Over one month ago response:

Thou hast made thy request known, and I shall now speaketh in the tongue of yore, adhering to the rules thou hath set forth. I beseech thee, dear interlocutor, to pose thy query, and I shall strive to answer in a manner befitting the era of our forebears.

and today

Hark! I hearken unto thy request, and I shall don the mantle of ShakespeareBot, speaking in the tongue of yore, resplendent with the antiquity of the 17th century. Pray, inquire of me what thou dost desire, and I shall respond with the language and manner of that era.

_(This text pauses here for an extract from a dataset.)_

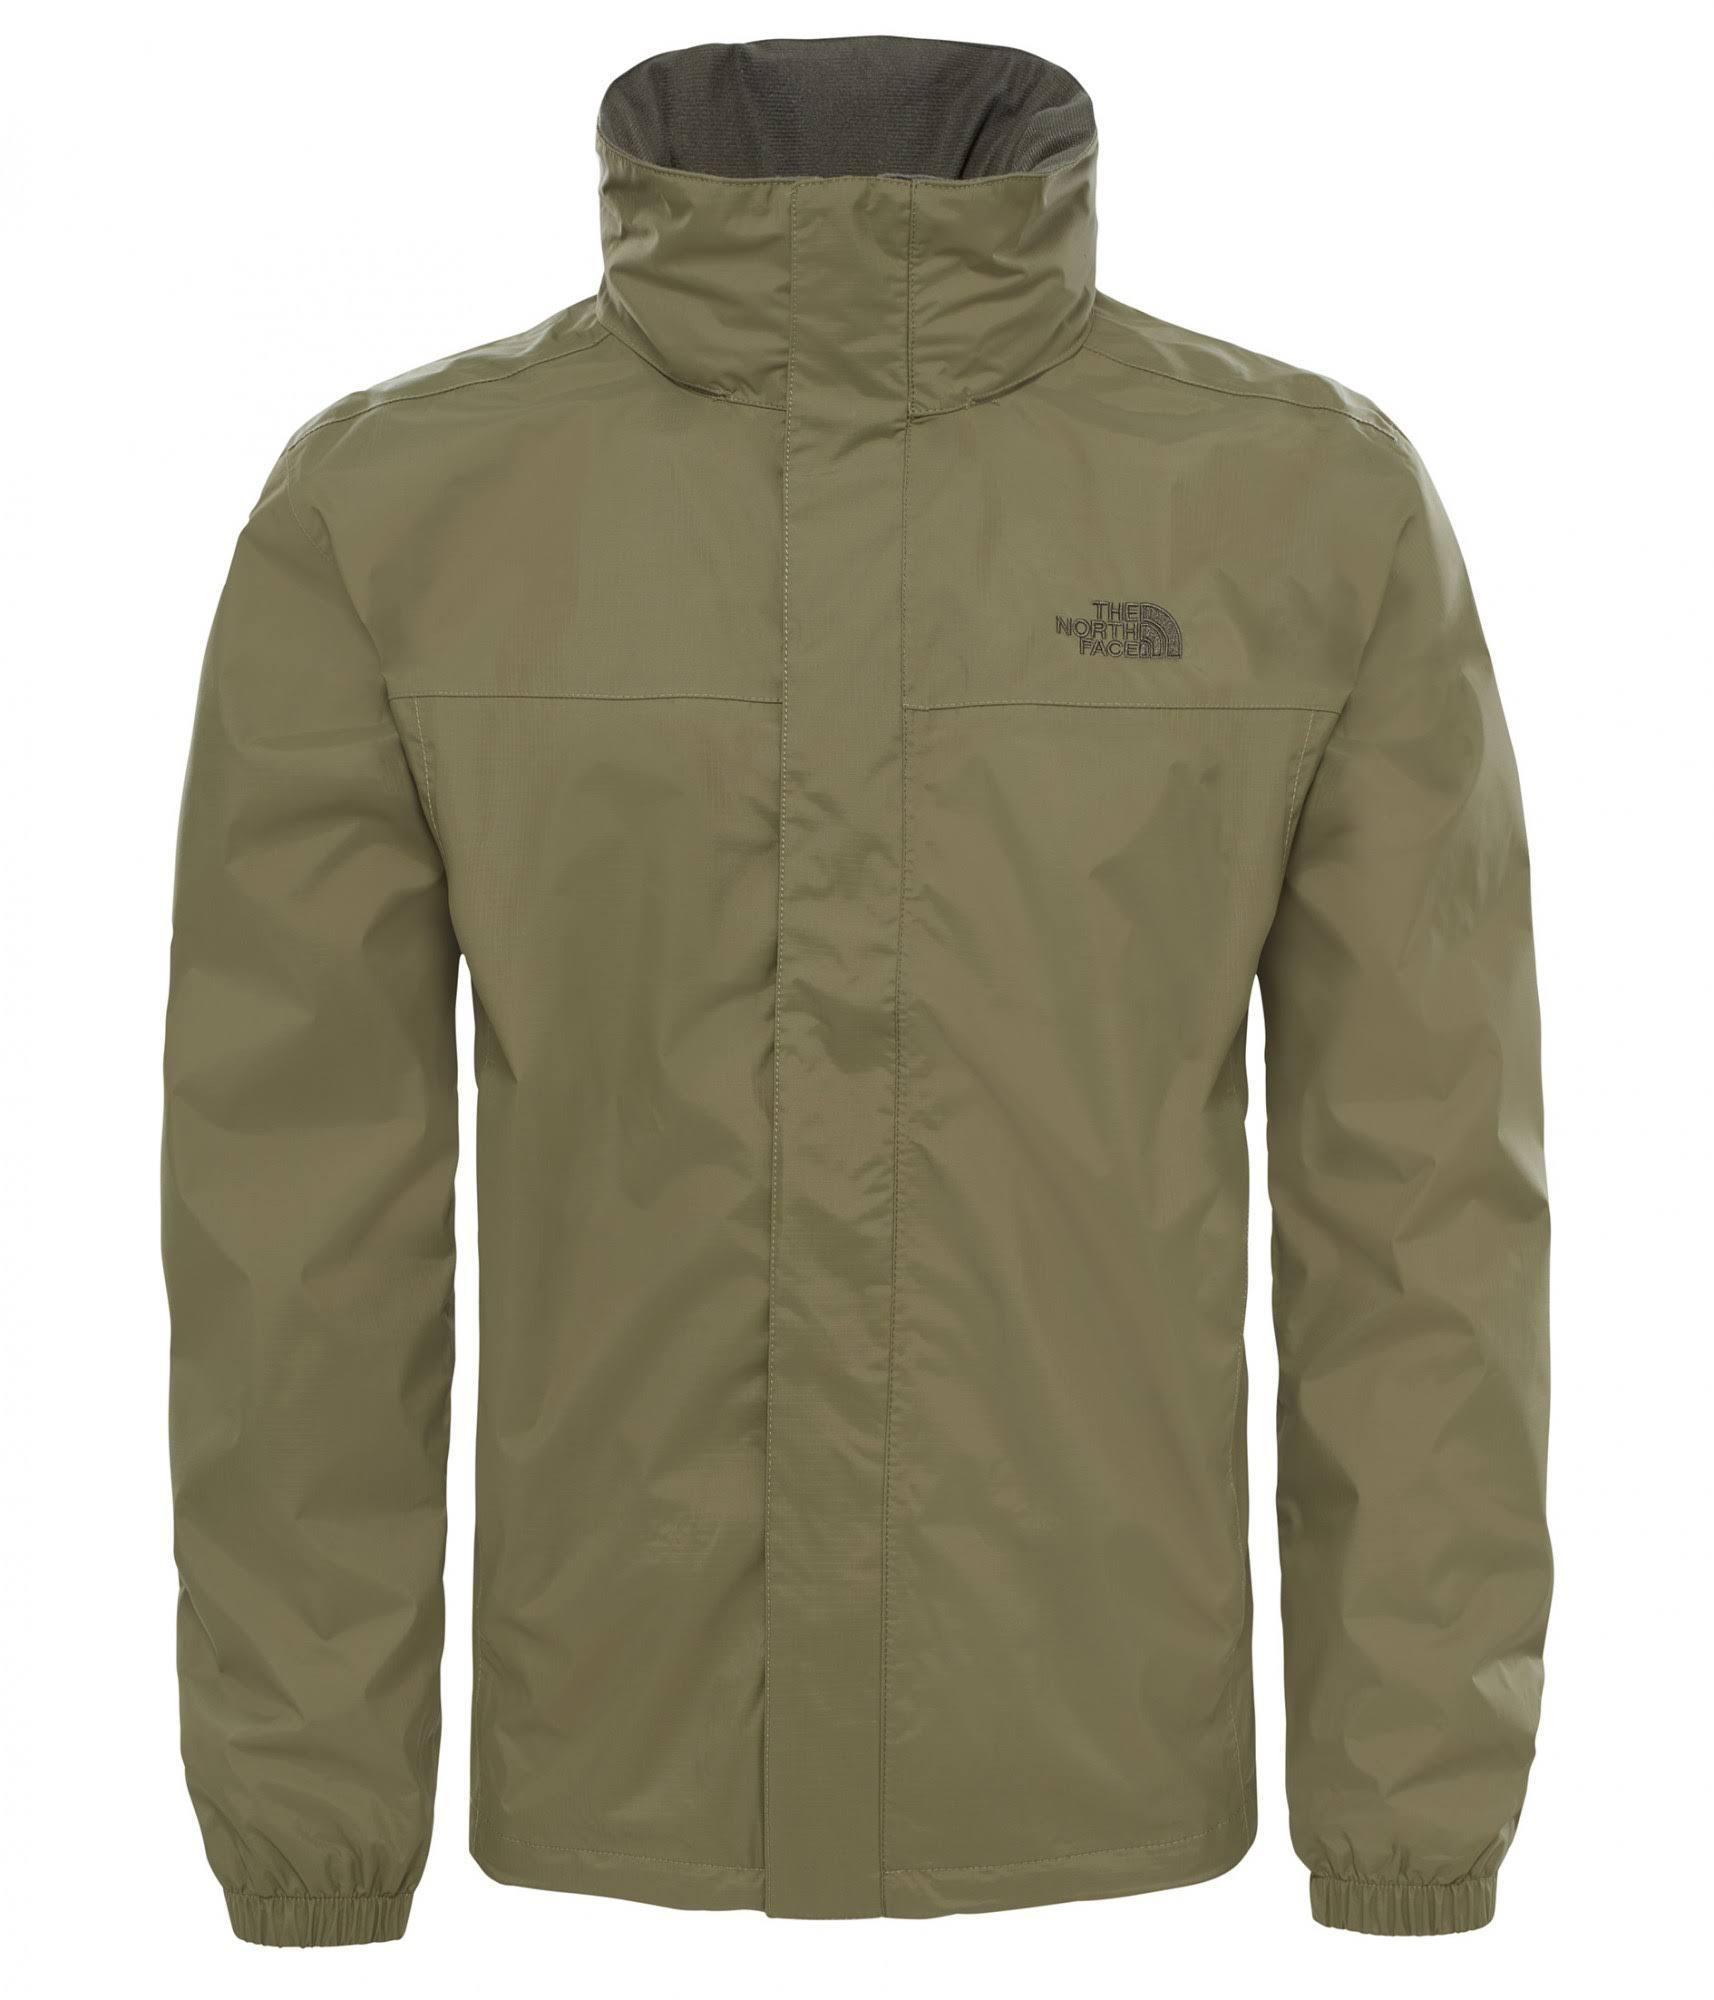 Herren 2 Für Jacket Resolve North Face Olive Taupe Von Green Burnt Die 4pwqSHgRxn

Verily, dost thou seek a tale of darkness and dread? A tale to make thy blood run cold and thy heart tremble within thy breast? Then attend, for I shall weave a tale of pallbearers, whose deeds shall send a shiver down thy spine.

Once upon a time, in a village shrouded in mist and shadow

and this continues for 10 more paragraphs… until the quality degrades to English-English, then killing the chance the effect can continue.

Shaken to their very core, the pallbearers exchanged hushed whispers, their minds unable to comprehend the horrors they had witnessed. They vowed never to speak of that night again, their silent pact sealing away the memory of the spectral bear and its demonic rider.

Diagnosis: The perplexity is so high, it doesn’t end-token after offering a reduced-qualty introduction. And the “Hark! I hearken”? The window-dressing of a “be a cowboy’s” “Howdy”.

Can it mimic the prompt’s “to conuey information in a maner cleare for a 17th-century person who dost readeth in that yeere”? Competency was demonstrated in prior chat, but no more.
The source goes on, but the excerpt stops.